Of course, if the dreams really did have the foggy, indistinct quality of actual dreams, then Nolan’s project to keep the viewer guessing about what was dream and what was not would be compromised.

Then again, from the dreamer’s perspective the dream is completely real. Although it’s the precision of Nolan’s dream sequences that strikes an off note for me.

However, what finally rings most false is showing dream action from an omniscient perspective, rather than always subjectively. Dreams are totally subjective and when the film shows action from a detached-observer perspective, it violates dream logic.

Cinematic Depiction of Dreams: Hitchcock’s Spellbound

When I think of great dream sequences, Alfred Hitchcock’s Spellbound (1945) tops the list. The dream-sequence sets were designed by surrealist artist Salvador Dalí and the sequences have the true feel of a dream.

Spellbound Dream Sequence, Set by Salvadore Dali

Spellbound Dream Sequence, Set by Salvadore Dali

David Lynch’s Eraserhead

For my money, the best evocation of dream is to be found in David Lynch’s 1977 masterpiece Eraserhead (1977), and with a budget of $10,000!

Eraserhead, David Lynch

Eraserhead, David Lynch

The entire film feels like a dream — the sound, the ambiance, the non-linear logic — and then there’s a dream sequence! Talk about dreams within dreams!

Inception‘s Casting: Too Many Familiar Faces

I usually find that too many familiar faces in a film detracts from the experience of suspending one’s disbelief. Yeah, I know it’s what fills the seats, but I’d go see a Christopher Nolan film because it’s a Christopher Nolan film, not because it has Leonardo DiCaprio, Ken Watanabe, Joseph Gordon-Levitt, Marion Cotillard, Ellen Page, Pete Postlethwaite, Tom Berenger, and Michael Caine.

It took me about a third of the way in before DiCaprio’s character began to ring true. And I found Ellen Page, pretty much playing the Juno character on smart drugs, unconvincing. I think Ms. Page is a fine actress, but I think she was miscast in this role. Michael Caine? Sure, why not. But it’s always “hey, there’s Michael Caine” and — whoosh! — once again you’re yanked out of the story.

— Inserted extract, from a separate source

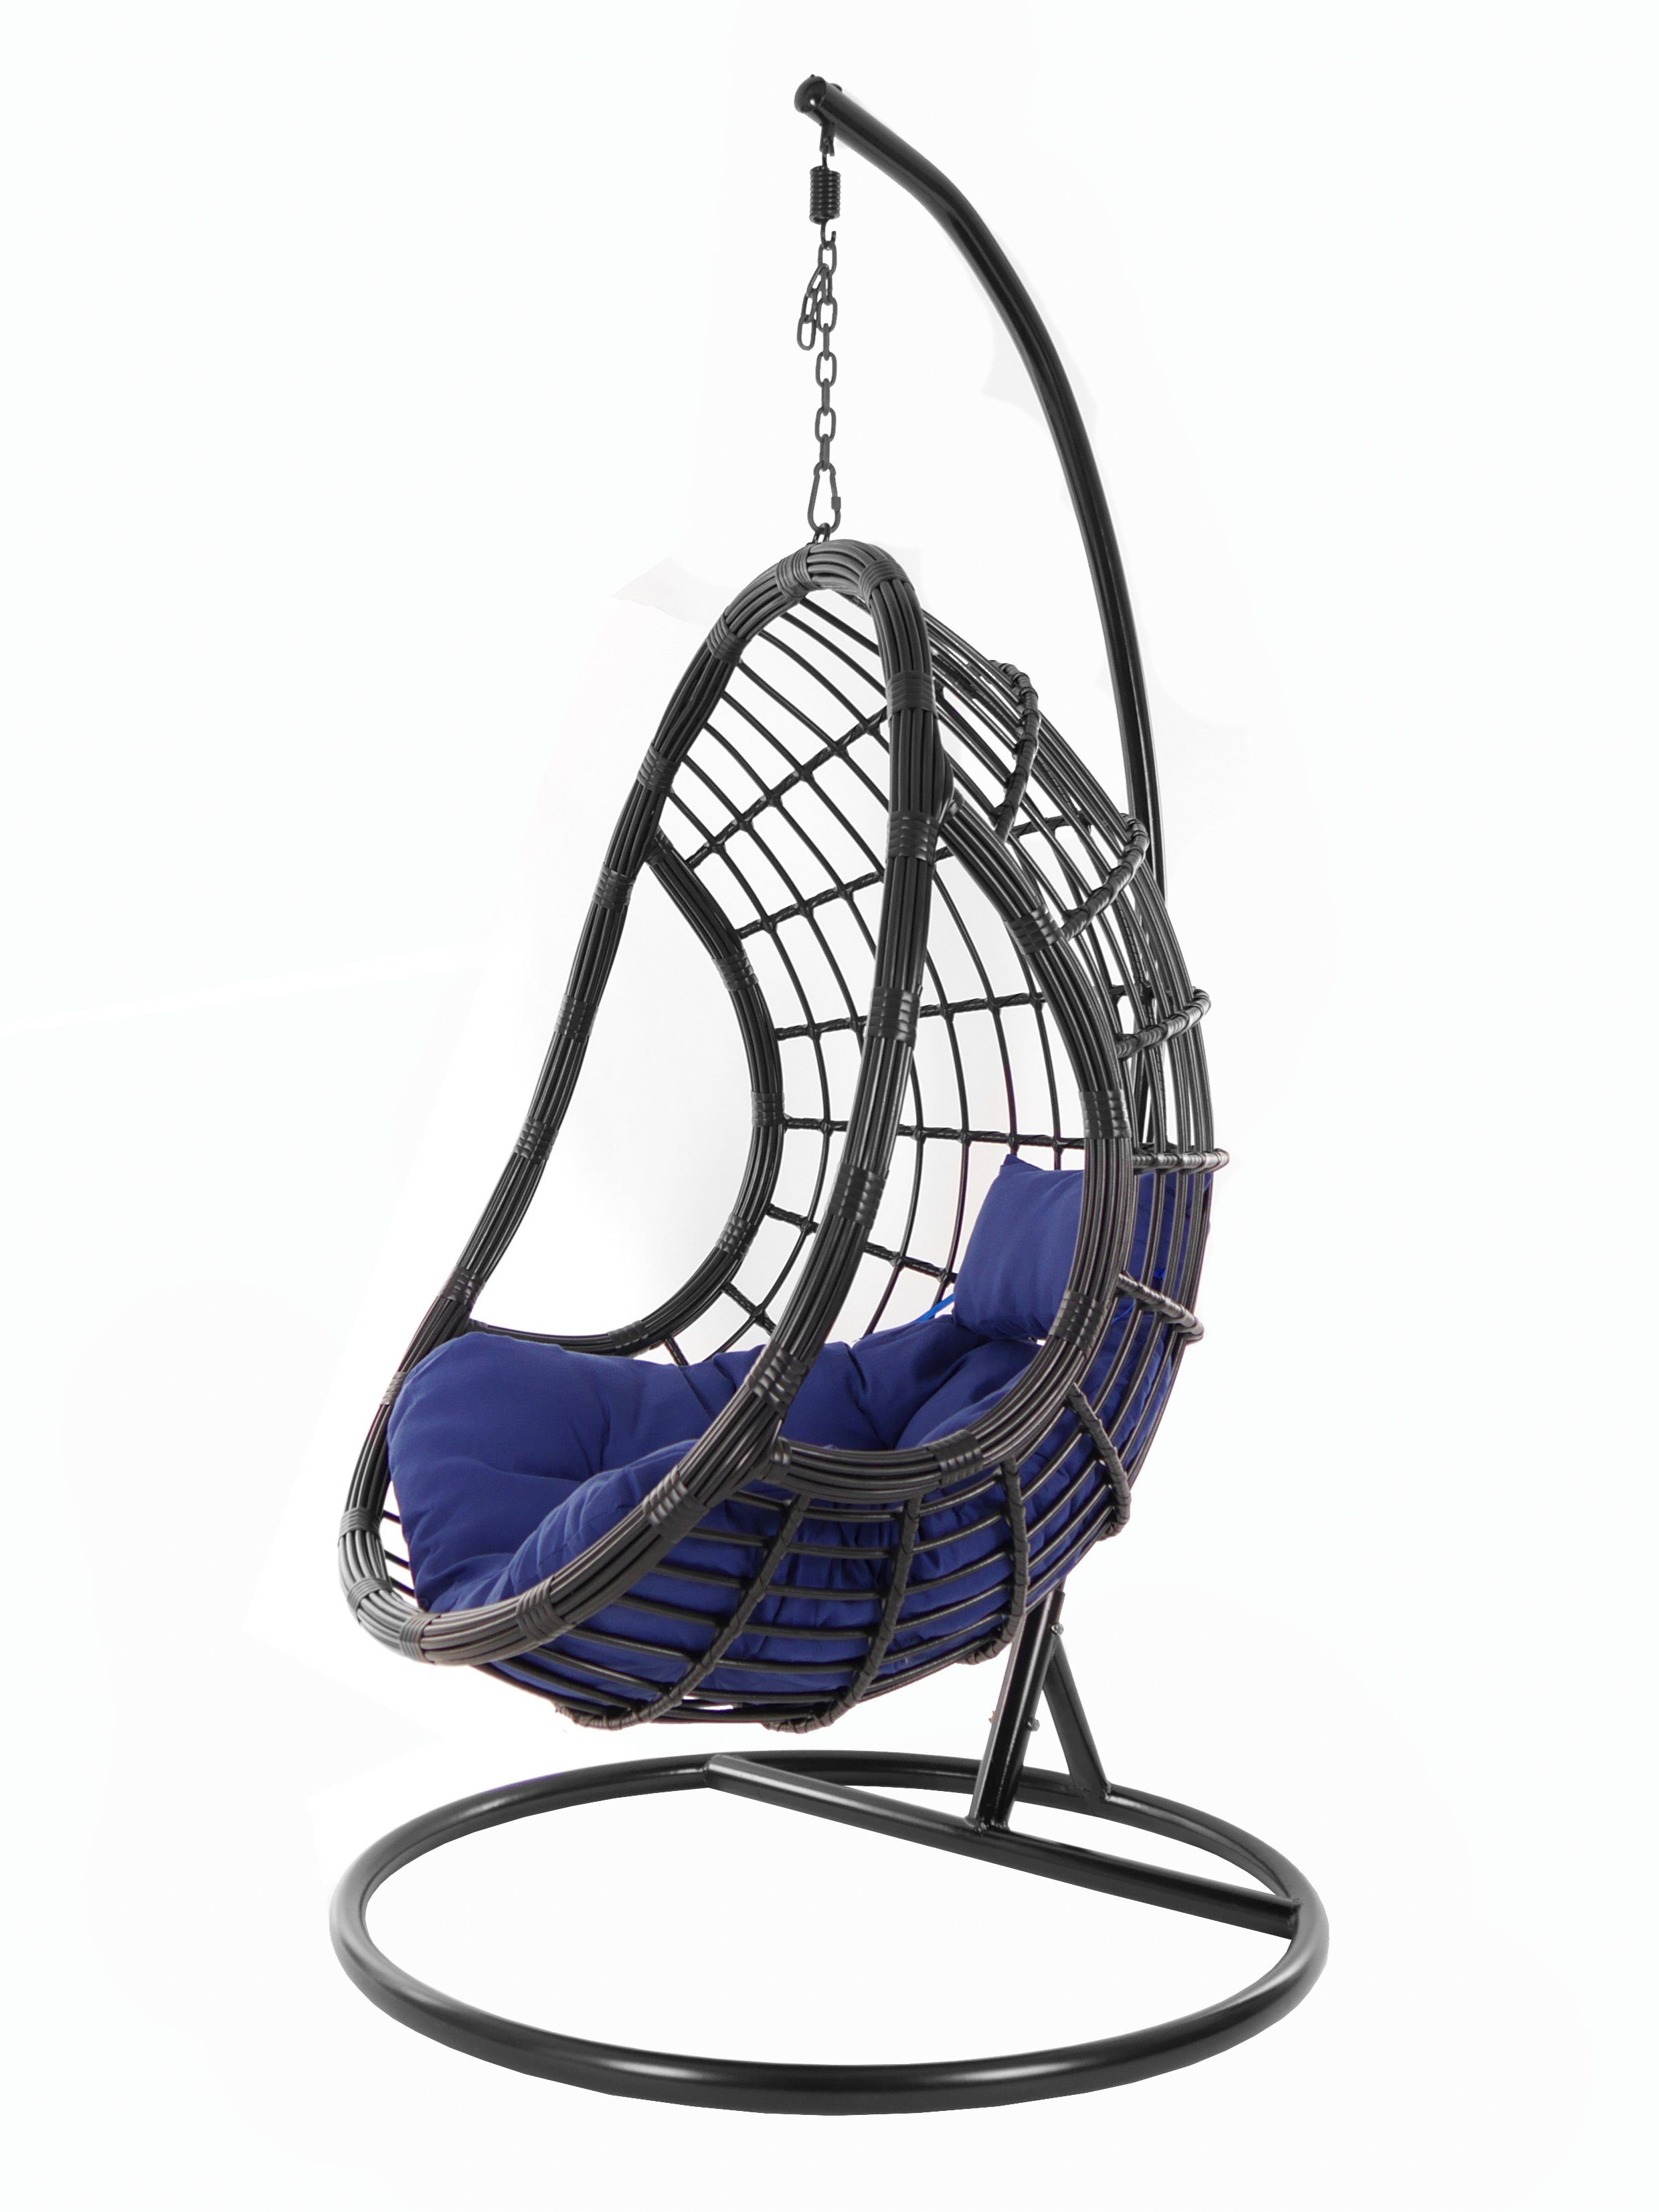 KIDEO Hängesessel PALMANOVA black, Swing Chair, schwarz, Loungemöbel, Hängesessel mit Gestell und Kissen, Schwebesessel, edles Design dunkelblau (5900 navy)

Visually and Conceptually, a Great Ride

Despite my misgivings, I actually enjoyed Inception, if only for the spectacular visuals (I saw it in IMAX) and the tortuous and nested narratives. Nolan’s toying with the viewer experience, keeping the viewer from relaxing into a storyline and hitting cruise control, really forcing the viewer to pay attention or else lose the thread of the story, is what I loved about Memento and what I liked about Inception.

Being a big fan of American novelist Thomas Pynchon, I’m very comfortable with the destabilizing effects of nested narratives and ambiguous endings. As there aren’t that many filmmakers who are willing to incorporate such devices in their films (check out The Saragossa Manuscript and the work of Charlie Kaufman), I’m always glad when a film is released that does do this, even if it’s not entirely successful.

I just think Memento did it far better, and with far less.